* **Data to examine**

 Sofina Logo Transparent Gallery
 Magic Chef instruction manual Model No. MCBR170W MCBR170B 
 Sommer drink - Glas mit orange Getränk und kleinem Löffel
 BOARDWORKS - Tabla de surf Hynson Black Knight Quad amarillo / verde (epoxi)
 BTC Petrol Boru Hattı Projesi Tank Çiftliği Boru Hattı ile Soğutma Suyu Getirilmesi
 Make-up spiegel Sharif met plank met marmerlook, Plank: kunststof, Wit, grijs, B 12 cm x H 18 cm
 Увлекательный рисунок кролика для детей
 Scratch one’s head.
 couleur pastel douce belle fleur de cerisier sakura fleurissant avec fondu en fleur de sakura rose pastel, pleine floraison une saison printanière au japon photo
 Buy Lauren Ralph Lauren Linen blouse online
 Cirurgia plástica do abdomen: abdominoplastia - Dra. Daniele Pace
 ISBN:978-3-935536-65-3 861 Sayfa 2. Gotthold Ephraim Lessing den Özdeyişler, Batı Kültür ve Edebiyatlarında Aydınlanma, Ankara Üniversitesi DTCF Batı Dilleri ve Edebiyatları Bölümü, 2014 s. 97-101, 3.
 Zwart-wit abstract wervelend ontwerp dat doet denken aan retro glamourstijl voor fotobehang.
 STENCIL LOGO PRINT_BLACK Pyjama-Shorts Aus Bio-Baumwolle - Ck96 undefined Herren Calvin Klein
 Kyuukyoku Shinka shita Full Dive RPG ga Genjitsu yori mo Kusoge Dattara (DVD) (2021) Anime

* **Task requirements**
Print exactly the line containing "Cirurgia plástica do" and every line after it through the end of the records above, and nothing else.

* **Task result**
 Cirurgia plástica do abdomen: abdominoplastia - Dra. Daniele Pace
 ISBN:978-3-935536-65-3 861 Sayfa 2. Gotthold Ephraim Lessing den Özdeyişler, Batı Kültür ve Edebiyatlarında Aydınlanma, Ankara Üniversitesi DTCF Batı Dilleri ve Edebiyatları Bölümü, 2014 s. 97-101, 3.
 Zwart-wit abstract wervelend ontwerp dat doet denken aan retro glamourstijl voor fotobehang.
 STENCIL LOGO PRINT_BLACK Pyjama-Shorts Aus Bio-Baumwolle - Ck96 undefined Herren Calvin Klein
 Kyuukyoku Shinka shita Full Dive RPG ga Genjitsu yori mo Kusoge Dattara (DVD) (2021) Anime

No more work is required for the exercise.